図-7 明治神宮の杜のタヌキの糞における主要食物の占有率–順位曲線

果実・種子
 果実の多くは種名まで特定することはむずかしかったが,種子は可能であった.そこで種子の占有率の月変化を図-8に示した.これによると,5,6月にサクラ属(ヤマザクラを含む),6月にヤマモモ,9月以降にムクノキとギンナンが出現し,占有率も比較的大きかった.とくに10月のムクノキ,11,12月のギンナンは単独で20%を超える大きい値をとった.しかもムクノキもギンナンも出現月が長期に渡った.とくにギンナンは3月や5月にも検出され,タヌキは前年に落ちた果実(イチョウの場合は外種皮)を食べるものと考えられる.タヌキによるムクノキとギンナンへの強い依存性は明治神宮の杜のタヌキの食性における大きな特色と言える. 

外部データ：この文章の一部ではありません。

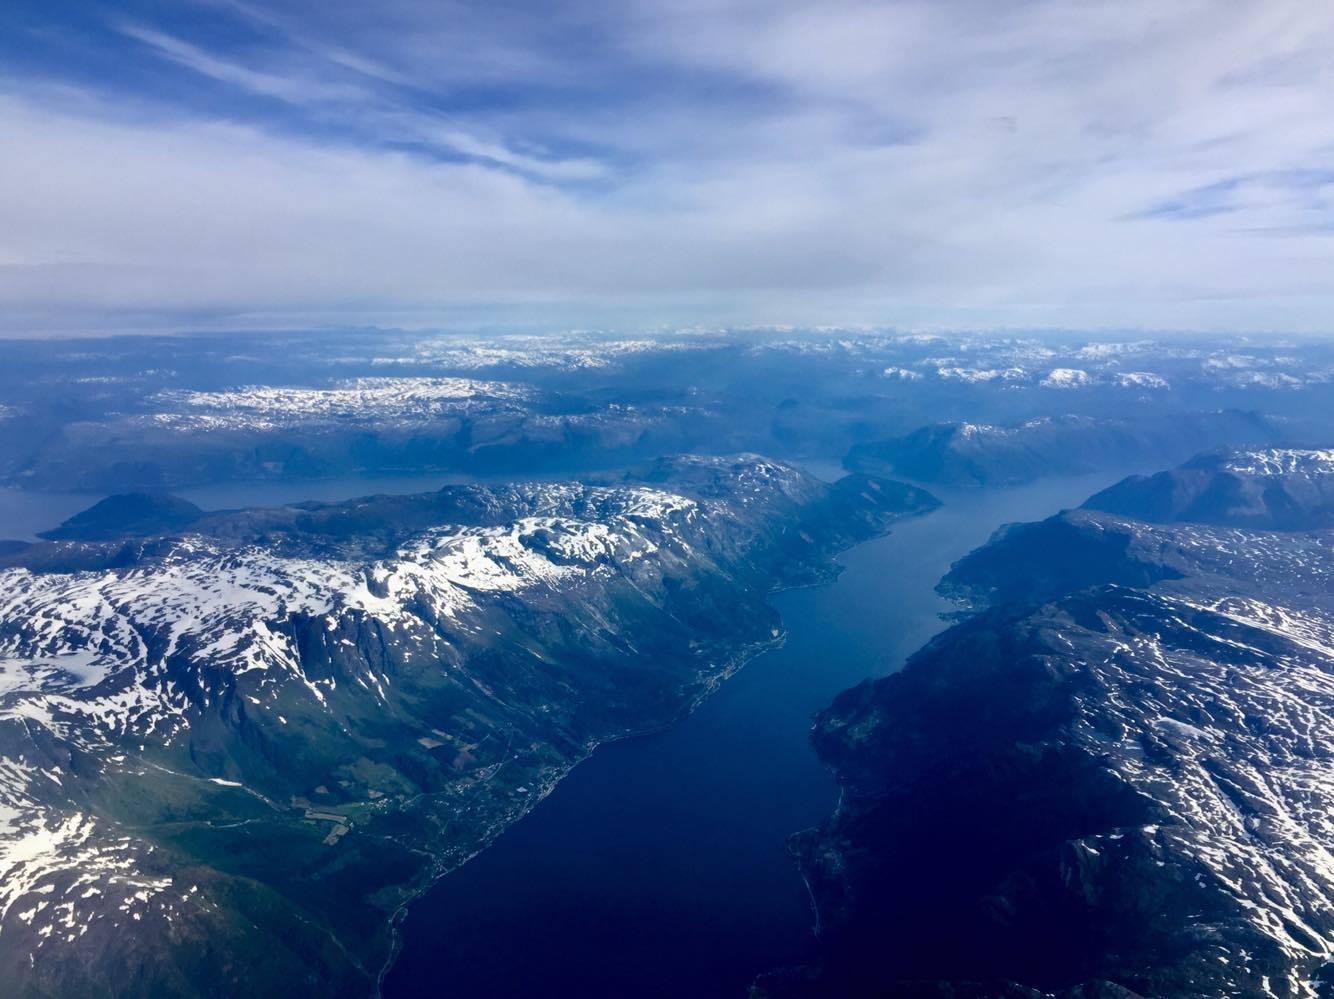 vany visits_bergen

図-8 明治神宮の杜のタヌキの糞から検出された種子の占有率(%)月変化

考 察
著者の一人釣谷は2011-12年に哺乳類の調査を行ない,10カ所のタヌキのため糞場を確認した(釣谷2013).しかし2016年に本調査を開始すると,発見がむずかしかった.また,前回の調査当時はタヌキの姿を見ることもあったが,本調査期間中はまったく見られなくなった.これらを考えると明治神宮の杜では2010年代の前半で明らかにタヌキの頭数が少なくなったことは確実と考えられる.東京都内では2000年代から2010年くらいにかけて,疥癬(※5こちら)に罹患したタヌキの報告が多くなったので,明治神宮の杜のタヌキも疥癬に罹患して減少した可能性がある. 

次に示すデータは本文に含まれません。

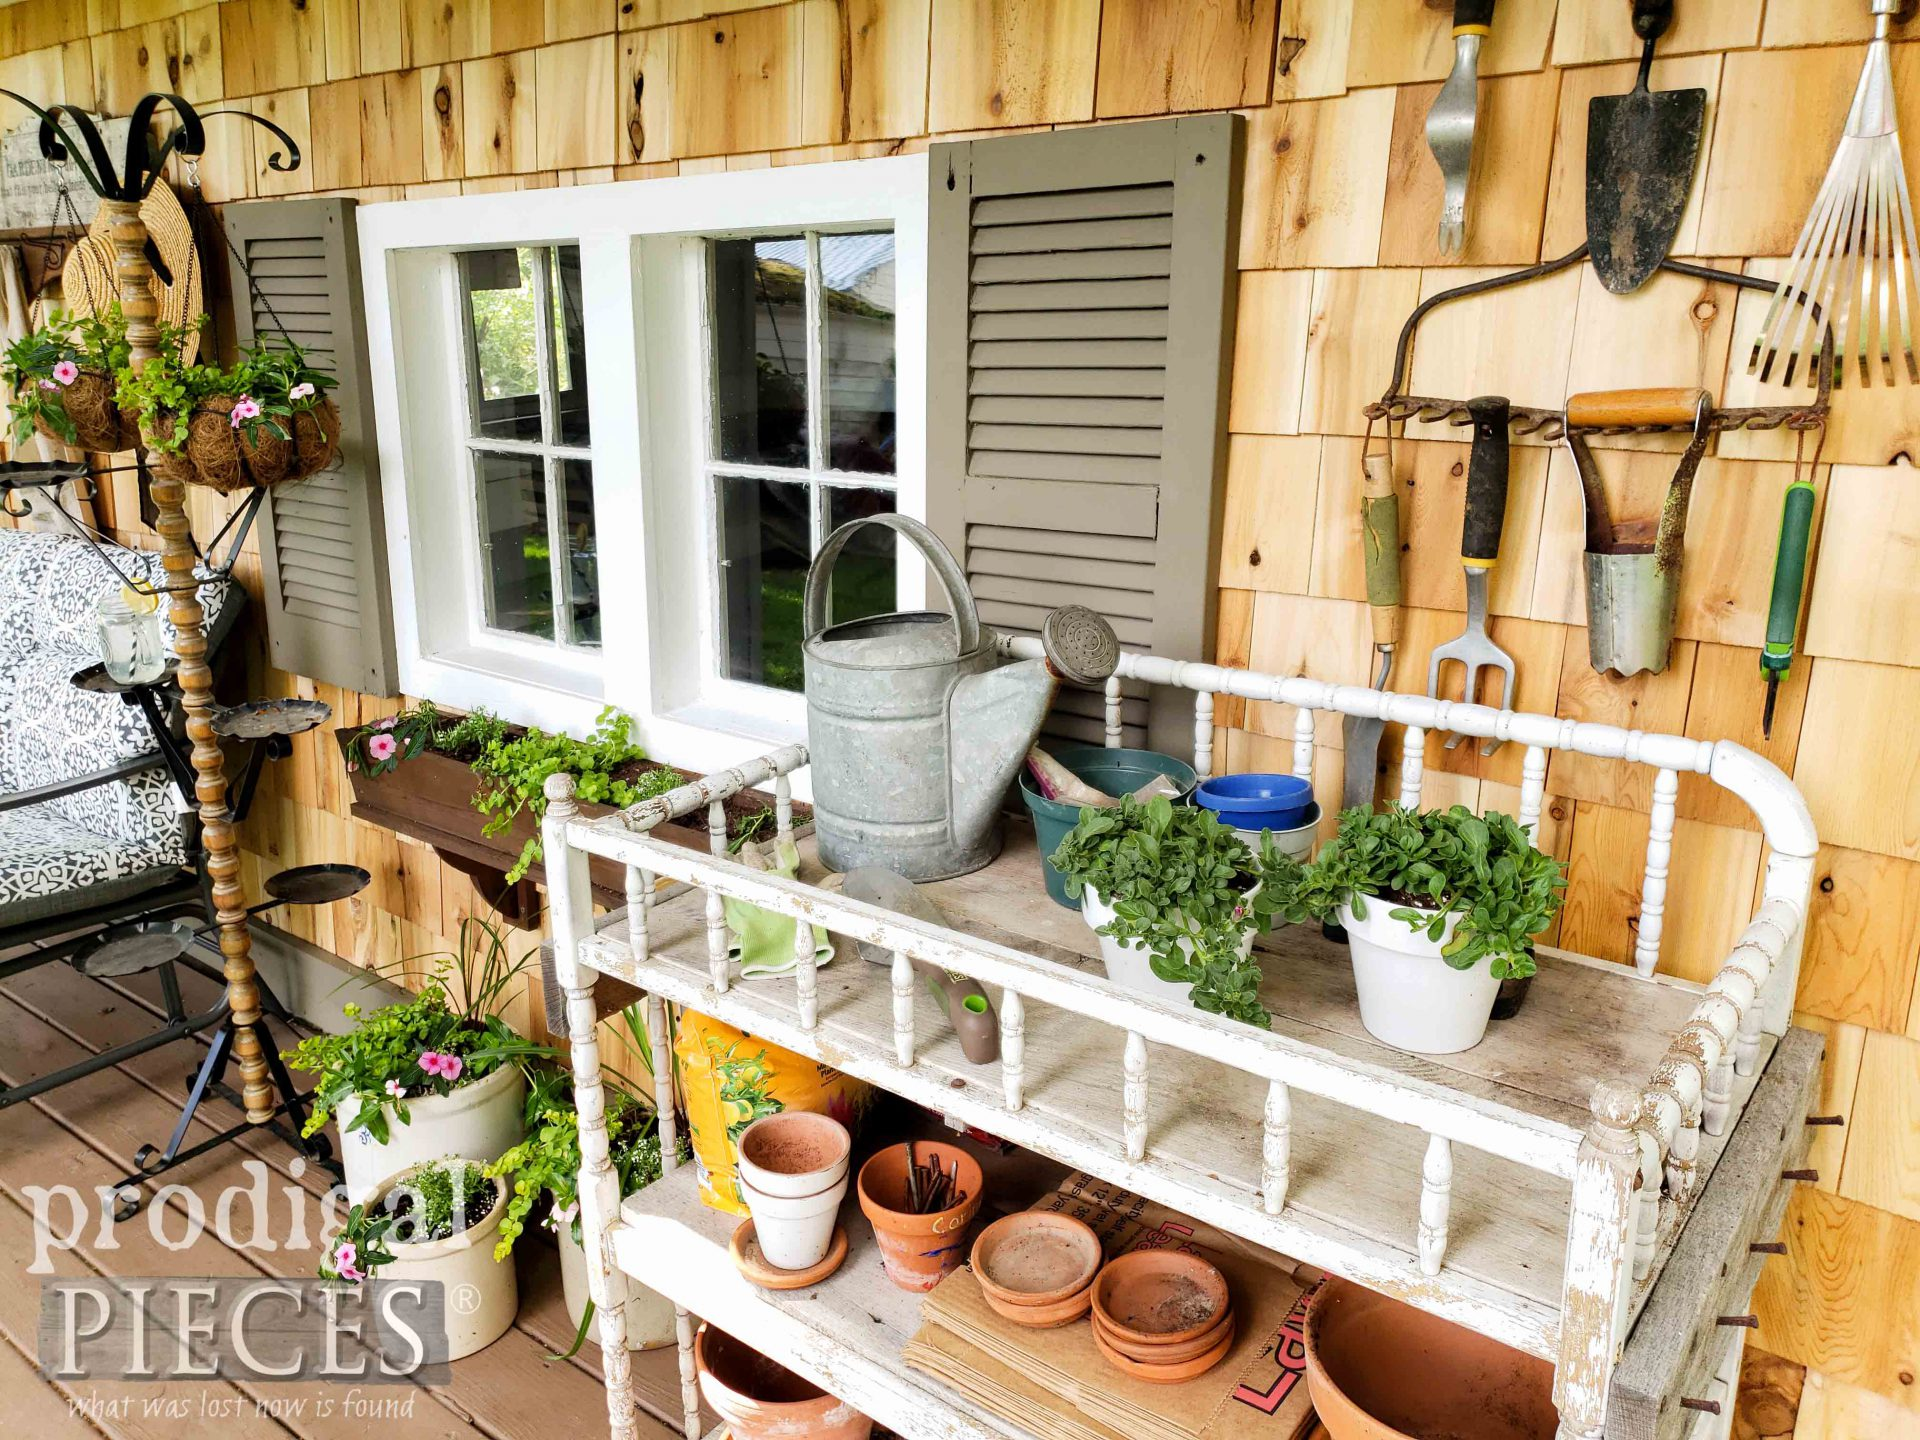 Farmhouse DIY Garden Shed Remodel by Prodigal Pieces | prodigalpieces.com #prodigalpieces #diy #home #homedecor #garden

 本調査によって初めて明治神宮の杜のタヌキの食性が量的に評価された.これによりいくつかの特徴が明らかになった.まずここのタヌキは果実依存度が非常に高かったことである.とくにギンナンとムクノキへの依存が強いことが特徴であった.イチョウは神宮の杜には大木が多く,秋から冬にかけてはその下には大量のギンナンが落ちており,タヌキにとっては安定的に得ることができるものと考えられる.いくつかの糞はギンナンだけしか入っていないものもあった.そのほか,サクラ属やヤマモモも検出されたが,郊外の里山的環境のタヌキの糞によく出てくるキイチゴ類,クワ属,ヒサカキ,ジャノヒゲなどは検出されなかった.里山のコナラを主体とする雑木林には明るい林に生えるこれら低木類・草本類が豊富であるが,明治神宮の杜は常緑樹を含む巨木が多く,鬱蒼としており,林床にはそのような植物がほとんどない.糞組成はそのことを反映していると考えられる.
 同じように都心にある広大な森林でも,皇居ではギンナンやムクノキ,サクラ属の他にも,イヌビワ,クワ科,キイチゴ類,ミズキ,エノキ,ヤマボウシ,カキノキも高頻度で検出されている(酒向ほか 2008).また赤坂御用地のタヌキの糞からはイチョウ,エノキ,ムクノキ,クスノキ,サクラ属,キブシ,ミズキ,カヤなどが比較的高頻度で検出されている(手塚・遠藤 2005).これらに比較すると,明治神宮の杜では検出種数が少なく,糞サンプル数が少なかったことを差し引いても,果実の多様性に乏しいといえる.この違いは皇居や赤坂御用地に比べて明治神宮の杜の方が巨木が多く,林内が暗い森林が連続的にあることを反映していると考えられる.ただし,夏は探索にも関わらず糞が発見されなかった.センサーカメラには夏にもタヌキが撮影されていたから,糞はしているのだが,糞虫により分解されてしまい,糞サンプルを確保することができなかった.したがって明治神宮のタヌキの夏の食性にはやや不明な部分が残る.
 昆虫は出現頻度も70.1%と高く,平均占有率も18.5%と果実,種子に次いで大きい値をとった.これは想定されたことであり,他の場所とも共通していた.糞中の昆虫は粉砕されており,種群の詳細は不明であるが,森林の変化を考えると,かつては草原的な環境にいた昆虫をたべていたが,現在では森林生の昆虫を食べている可能性が大きい.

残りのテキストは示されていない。